シフトチェンジレバーはシングルバータイプ、フットレストボードはダンピングクッション内蔵。 ボード後方に見えるペダルはサイドブレーキとなっている。
燃料タンク容量はロードグライドスペシャルと同様の22.7リットル。低回転域を使って走っている分には、燃費もさほど悪くはない印象。トライクであってもしっかりとニーグリップするとコーナーリングはしやすい。
ウインカーはハーレーダビッドソン伝統の左右振り分けタイプ。インフォテインメントシステムのファンクションコントロールや、クルーズコントロールスイッチも備わっている。
シャークノーズフェアリングの内側はピアノブラックで丁寧に仕上げられており高級感がある。左右に備わるスピーカーの音質もなかなか良い。アナログメーターが並べられているのも雰囲気がある。
インフォテインメントシステムはタッチパネルにもなっており、直接操作も可能だ。テスト期間中はスマートフォンとBluetooth接続し、好きな音楽を流してクルーズを楽しんだ。
トランクスペースはかなり広く、カメラバックや三脚などをすっぽりと飲み込み、さらに余裕があった。ただし上蓋タイプなので、上面に荷物を積載することは難しい。
タンデムでのテストも多少行ったが、パッセンジャーの評判も上々だった。特に大きく踏ん張りの利くステップボードと、グリップバーが握りやすい位置にあることが良い。

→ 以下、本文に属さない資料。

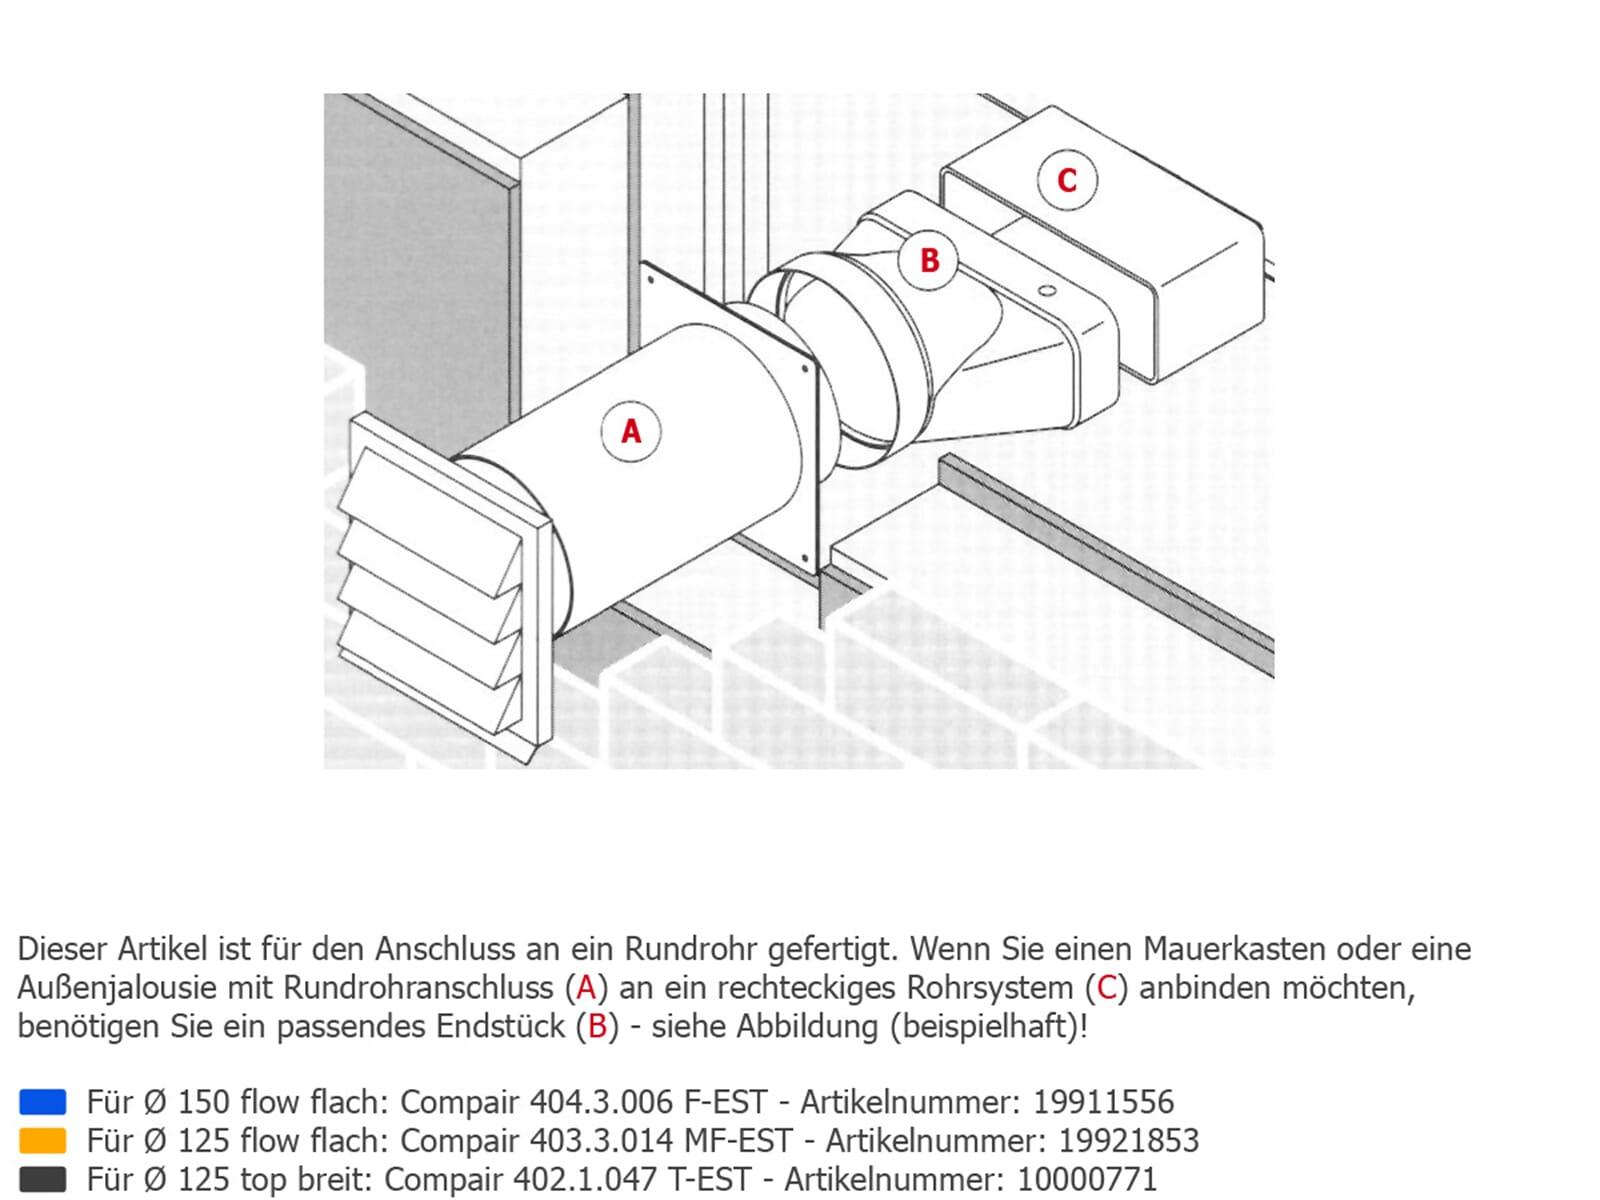 Compair 404.3.021 Flow 150 Dachlüfter

たっぷりとした厚みがありながらも、柔らかすぎず、硬すぎず、疲れにくいシート。形状も良く、腰をしっかりとサポートしてくれる。ライダー側のシート高は700mmだが、トライクなので足つき性は問題ない。
ウインカーストップランプ共通のテールランプは左右のリアタイヤのフェンダー後端にセットされている。後続車からの視認性も良く、車幅があることも伝わりやすい。
サイレンサーは車体下部に左右2本出しとなっている。ノーマルのサウンドも迫力あるが、オプション設定されているマフラーに換装するオーナーもいることだろう。